The diagram below shows, at a high level, an overview of transport high availability in action in Exchange 2013:
Figure 1.1: Exchange 2013 Transport High Availability
- Mailbox server MBX1 receives an e-mail from a server outside the boundary for transport high availability;
- Before acknowledging the e-mail was received, MBX1 starts an SMTP session to another Exchange 2013 Mailbox server named MBX3 within the boundary for transport high availability and MBX3 creates a shadow copy of the e-mail. In this scenario, MBX1 holds the primary e-mail (primary server) and MBX3 holds the shadow e-mail (shadow server);
- On MBX1, Transport service processes the primary e-mail:
- As the recipient’s mailbox is hosted by MBX1, the Transport service passes the e-mail to the local Mailbox Transport service;
- The e-mail is delivered to the local database by the Mailbox Transport service;
- MBX1 queues a discard status for MBX3 indicating the primary e-mail was processed successfully, and moves a copy of the primary e-mail to the local Primary Safety Net (the e-mail remains in the same queue database, but moves to a different queue).
- MBX3 polls MBX1 periodically for a status of the primary e-mail;
- MBX3 eventually determines that MBX1 processed the primary e-mail successfully and moves the shadow e-mail to the local Shadow Safety Net (again, the e-mail remains in the same queue database, but moves to a different queue).
The e-mail is kept in both the Primary
Safety Net and Shadow Safety Net until it expires based on a
configurable timeout value (2 days by default). In case a database
failover happens before this timeout period is reached, the Primary
Safety Net on MBX1 resubmits the e-mail. If MBX1 is not available, then
MBX3 resubmits the e-mail from its Shadow Safety Net.
Shadow Redundancy
Shadow redundancy was introduced in
Exchange 2010 as a mechanism to generate redundant copies of e-mails
before being delivered to mailboxes. It delayed deleting an e-mail from
the transport database on a Hub Transport server until the server
confirmed the next hop in the delivery path for the e-mail had completed
its delivery. In case the next hop crashed before having the chance to
report back to the transport server a successful delivery, the transport
server would resubmit the e-mail to that next hop. The XSHADOW verb was used to advertise Shadow Redundancy support.
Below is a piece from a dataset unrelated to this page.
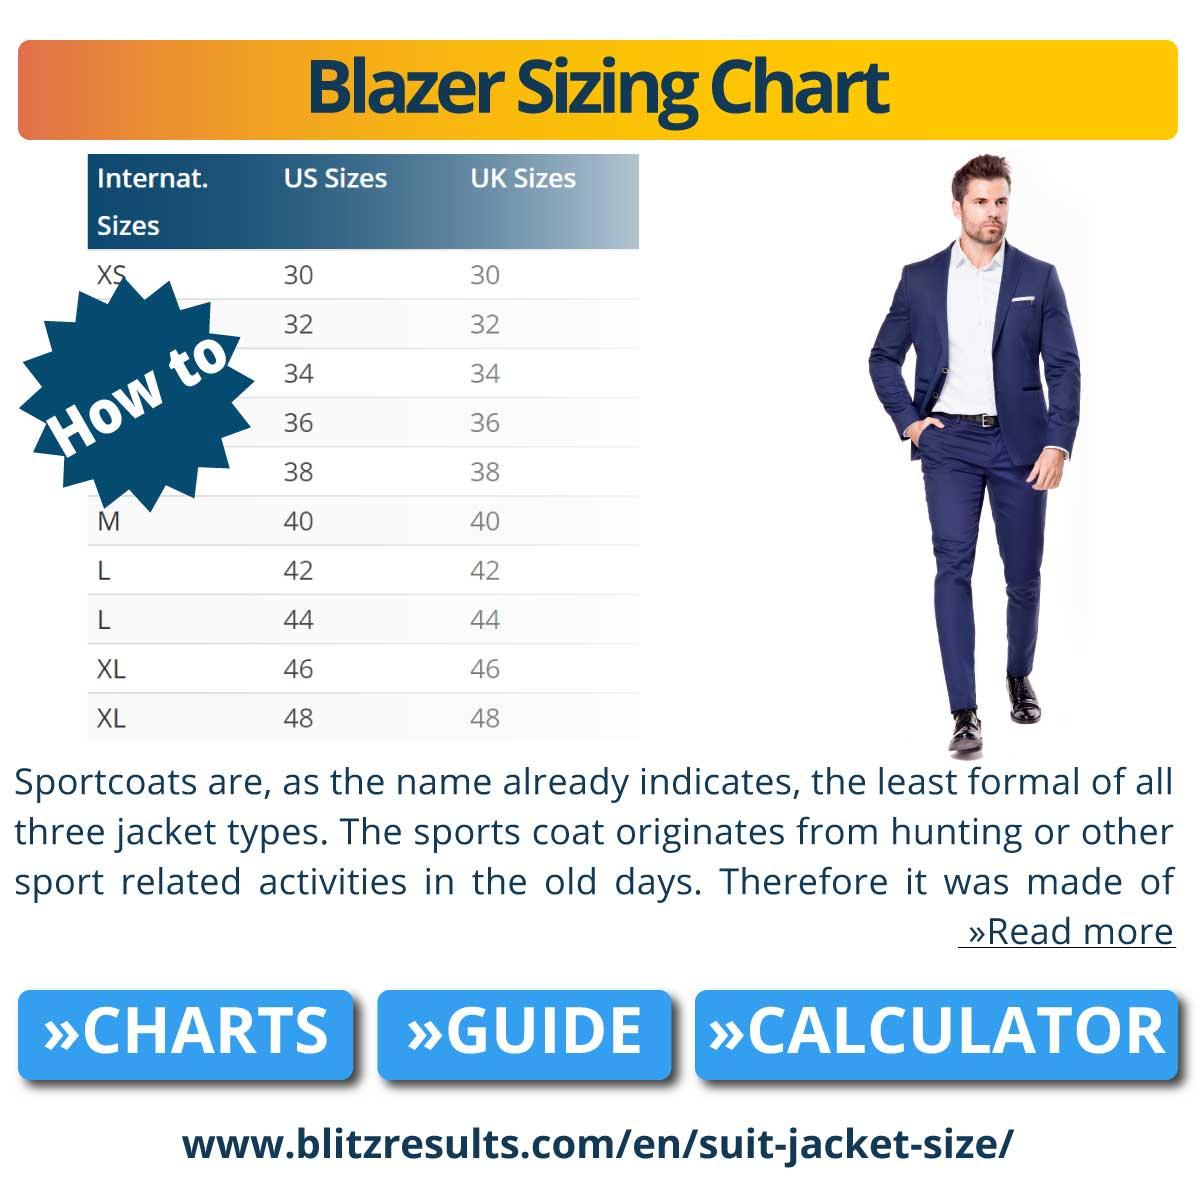 Blazer Sizing Chart

As we know, CAS servers do not queue
e-mails locally and it does not matter if Shadow Redundancy is not
supported by the sending server. The Front End Transport service will
keep the SMTP session open with the sending server while the e-mail is
being transmitted to the Transport service and a shadow copy is created
on a different Mailbox server. Only after this happens, the SMTP session
with the sending server is terminated, ensuring that an e-mail
acknowledgment is only sent to the server if the e-mail is made
redundant in Exchange.
The main Shadow Redundancy enhancement in
Exchange 2013 is the creation of a redundant copy of any e-mails before
acknowledging to the sending server successfully receiving them. Because
a sending server does not need to support Shadow Redundancy, any
e-mails entering the transport pipeline in Exchange 2013 are made
redundant while in transit.
As we saw in Figure 1.1, more than one
Exchange 2013 Mailbox servers (standalone or multi-role) are required
for Shadow Redundancy:
- If not a DAG member, the other server has to be in the local AD;
- If a DAG member, the other server has to be a member of the same DAG. In this case, the other server can be in the local or in a remote AD site, with preference given to a server in a remote site for site resiliency.
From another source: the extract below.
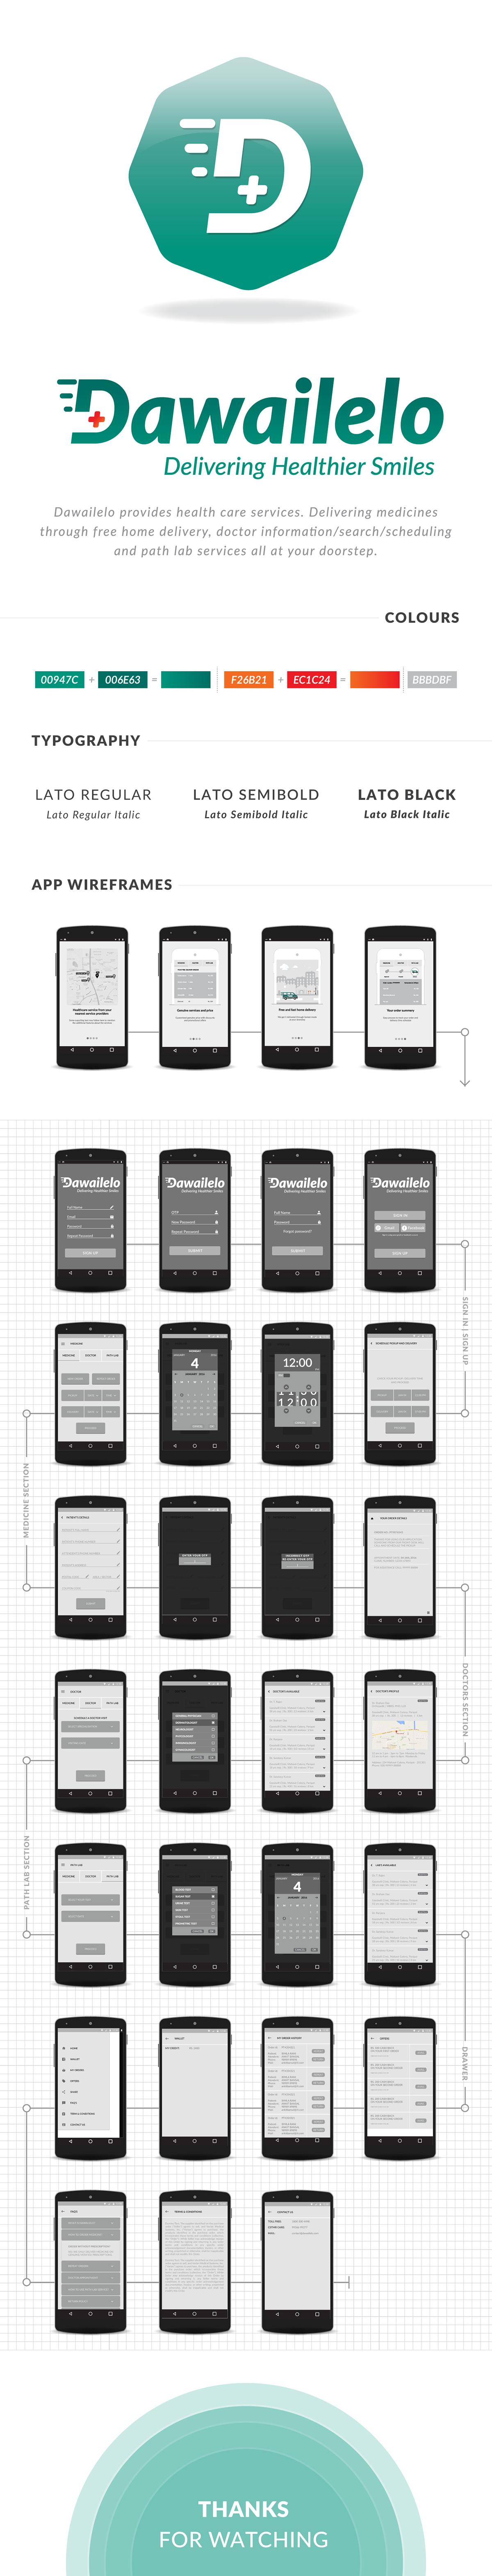 user interface wireframe brand identity

Unfortunately there are three scenarios
under which Shadow Redundancy is not able to protect e-mails in transit:
in an environment with a single Exchange server, when a DAG is
under-provisioned, or when both primary and shadow servers fail
simultaneously.
Creating Shadow E-mails
The purpose of Shadow Redundancy is to have
two copies of an e-mail within the boundary of transport high
availability while this is in transit. In which server and at what stage
the redundant copy gets created will depend on where the e-mail comes
from and where it is going to according to the following factors:
- E-mails arriving from outside the boundary of transport high availability;
- E-mails sent outside the boundary of transport high availability;
- E-mails arriving from a Mailbox server within the boundary of transport high availability.
As explained in the Exchange 2013 Mail Flow
article, a boundary for transport high availability is either a DAG for
servers that are DAG members (including DAGs across multiple AD sites)
or an AD site for servers that are not DAG members. This means that if
an e-mail crosses a boundary, Shadow Redundancy is initiated or
restarted, as it never tracks e-mails beyond a boundary.
Coexistence scenarios with Exchange 2010 Hub Transport servers are a particular case, which we will explore shortly.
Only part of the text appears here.